Ementa: Direito constitucional e tributário. Ação cível originária. Obrigação tributária acessória. Imunidade recíproca. 1. Compete ao Supremo Tribunal Federal conhecer e julgar originariamente causas que envolvam a interpretação de normas relativas à imunidade tributária recíproca, em razão do potencial abalo ao pacto federativo. Precedentes. 2. A obrigação acessória decorre da legislação tributária (art. 113, § 2º, do Código Tributário Nacional). Esse termo não engloba apenas as leis, mas também “os tratados e as convenções internacionais, os decretos e as normas complementares que versem, no todo ou em parte, sobre tributos e relações jurídicas a eles pertinentes” (art. 96 do Código Tributário Nacional). 3. A imunidade tributária recíproca (art. 150, VI, a, da Constituição) impede que os entes públicos criem uns para os outros obrigações relacionadas à cobrança de impostos, mas não veda a imposição de obrigações acessórias. Precedentes. 4. O art. 9º, § 1º, do Código Tributário Nacional institui reserva legal para a definição das hipóteses de responsabilidade tributária e dos atos que os entes públicos deverão praticar na qualidade de responsáveis tributários. O dispositivo não afasta a possibilidade de obrigações acessórias serem impostas por atos normativos infralegais. 5. Não ofende o princípio da isonomia ou abala o pacto federativo norma que impõe a obrigação de apresentação de declaração de débitos e créditos de tributos federais aos Estados, aos Municípios e ao Distrito Federal, mas não a estende aos órgãos da própria União. 6. Pedido que se julga improcedente.
(ACO 1098, Relator(a): ROBERTO BARROSO, Tribunal Pleno, julgado em 11/05/2020, ACÓRDÃO ELETRÔNICO DJe-135 DIVULG 29-05-2020 PUBLIC 01-06-2020)
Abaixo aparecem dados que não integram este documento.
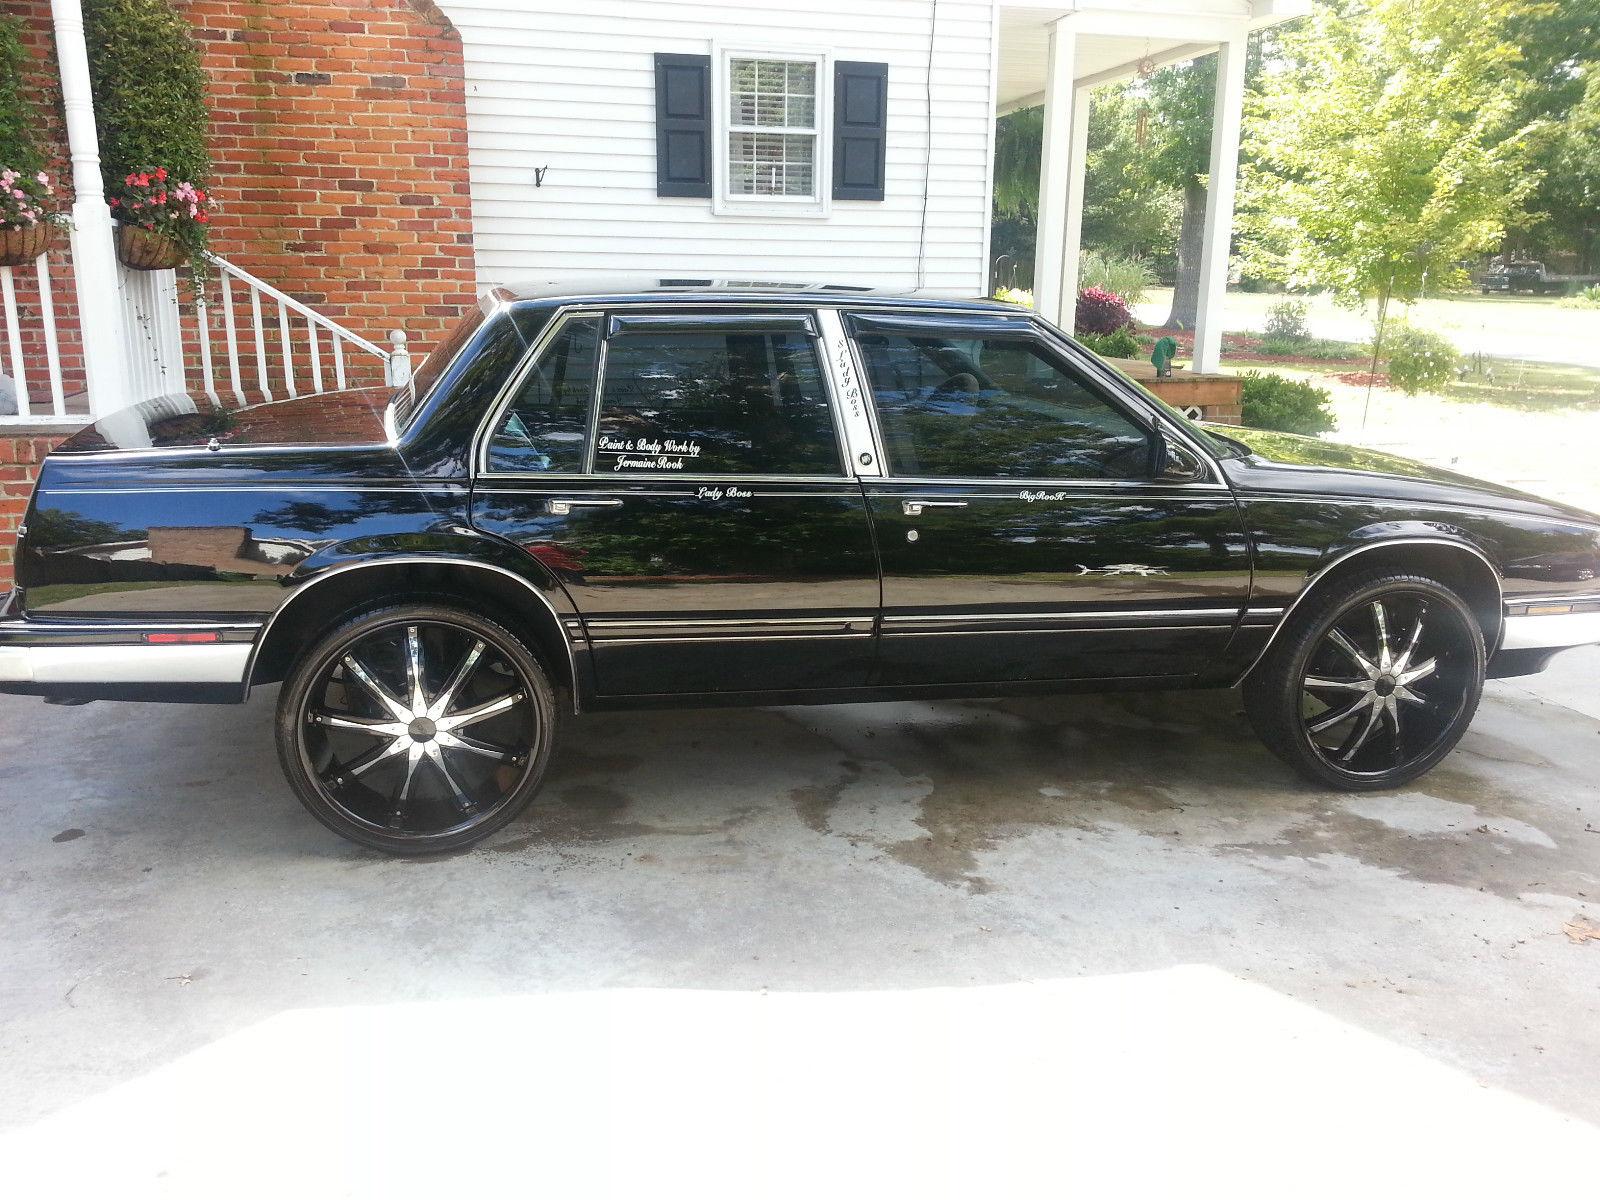 Buick Lesabre Custom Painted Black Black Wheels Low Miles on 1989 Buick Lesabre Le

Comentários do Julgado pelo Dizer o Direito

Imunidade tributária recíproca
A CF/88, em seu art. 150, VI, “a”, prevê a chamada imunidade tributária recíproca. Isso significa que a União, os Estados, o Distrito Federal e os Municípios não podem cobrar impostos sobre o patrimônio, a renda ou os serviços, uns dos outros. Vejamos a redação do dispositivo constitucional:

Art. 150. Sem prejuízo de outras garantias asseguradas ao contribuinte, é vedado à União, aos Estados, ao Distrito Federal e aos Municípios:
(...)
VI -...  [continuar lendo]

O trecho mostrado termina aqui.